» DATA BLOCK:
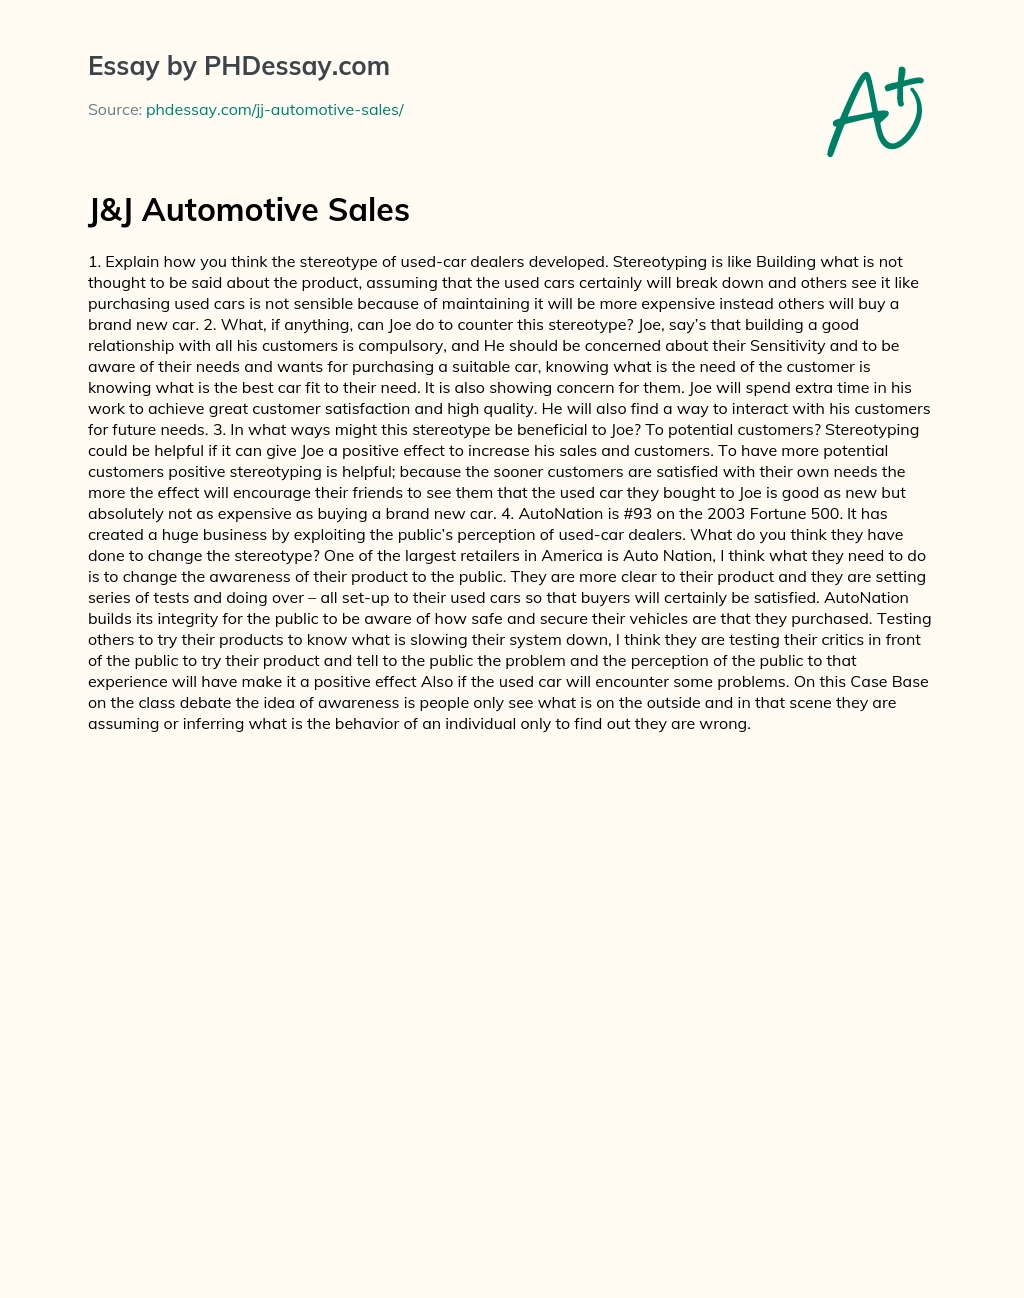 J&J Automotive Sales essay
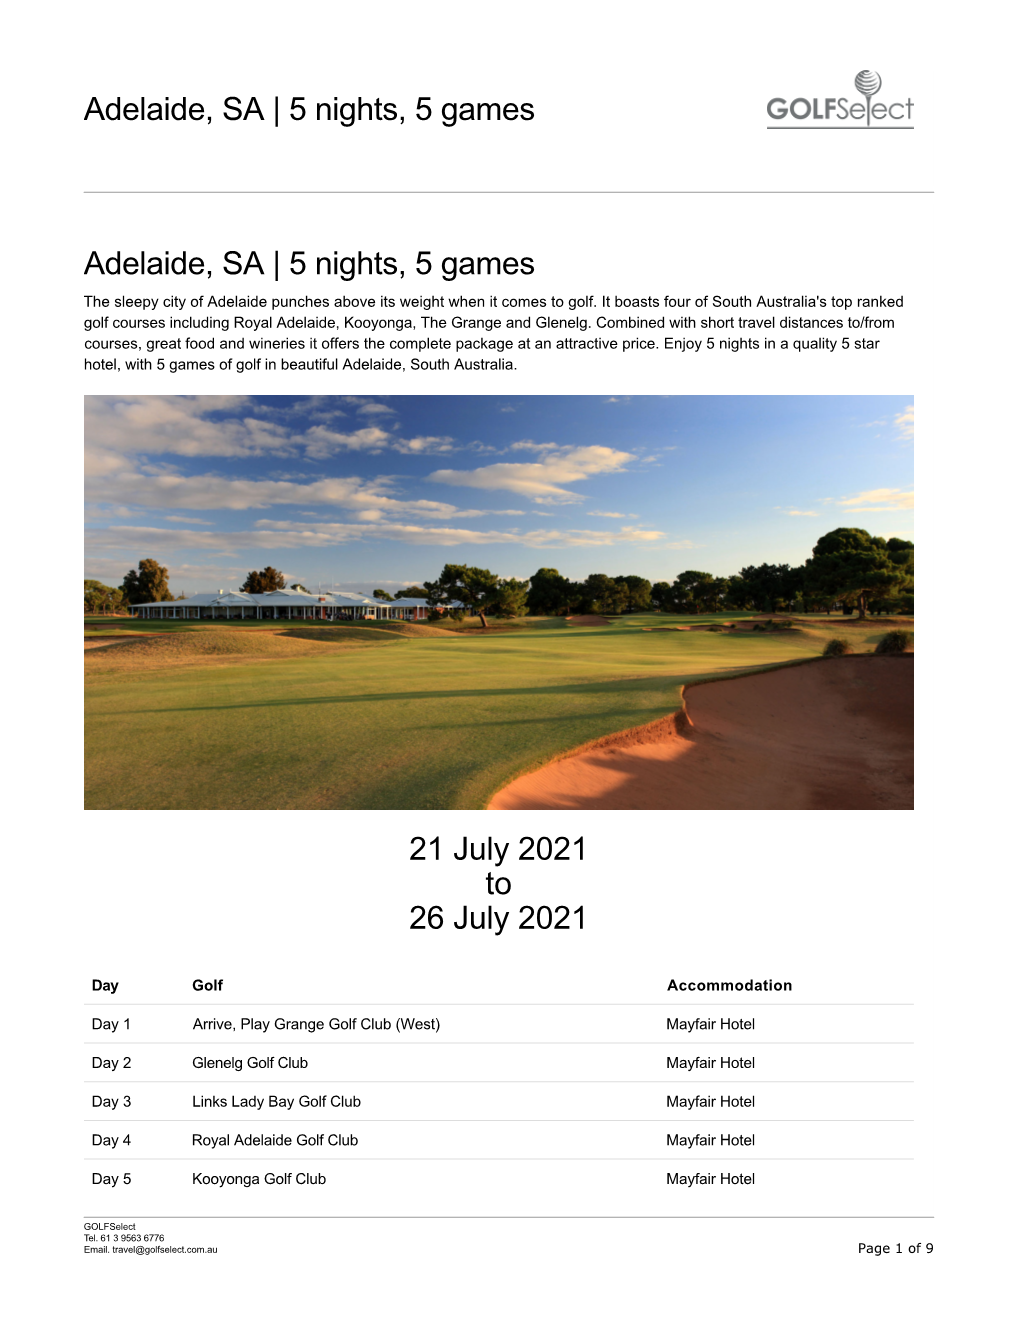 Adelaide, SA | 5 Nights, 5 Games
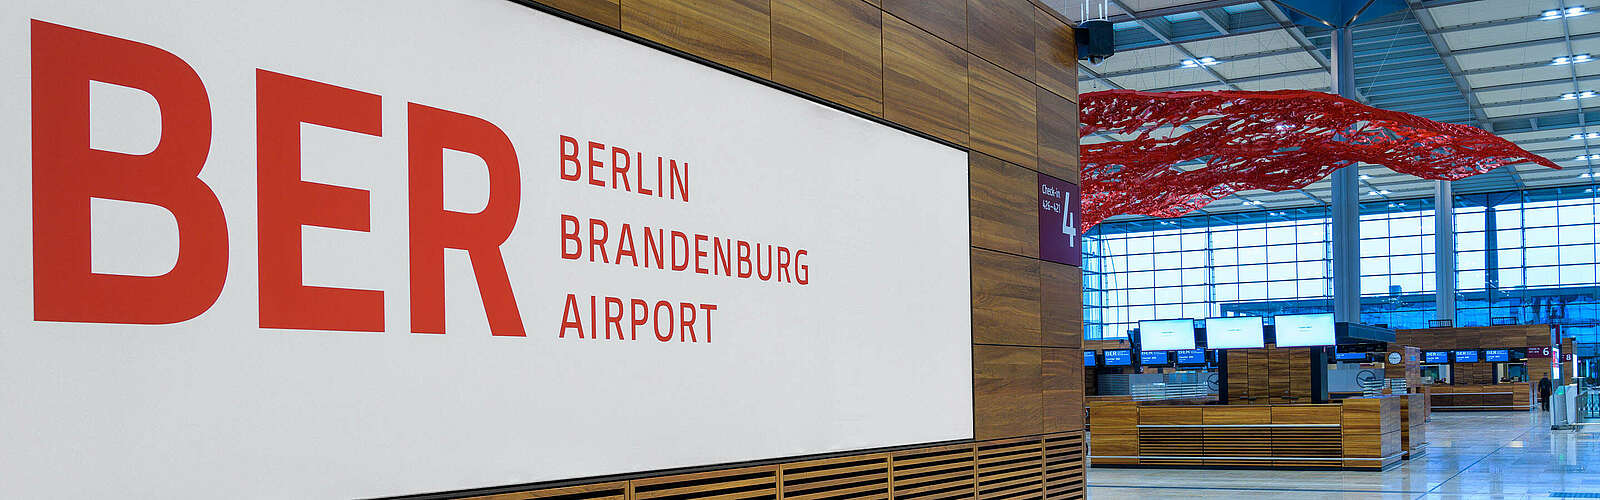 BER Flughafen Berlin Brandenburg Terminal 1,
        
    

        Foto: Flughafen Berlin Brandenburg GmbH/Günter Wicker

» WHAT IS BEING ASKED:
Retype all the data exactly, please, without pictures.

» EXERCISE ANSWER:
 J&J Automotive Sales essay
 Adelaide, SA | 5 Nights, 5 Games
 BER Flughafen Berlin Brandenburg Terminal 1,
        
    

        Foto: Flughafen Berlin Brandenburg GmbH/Günter Wicker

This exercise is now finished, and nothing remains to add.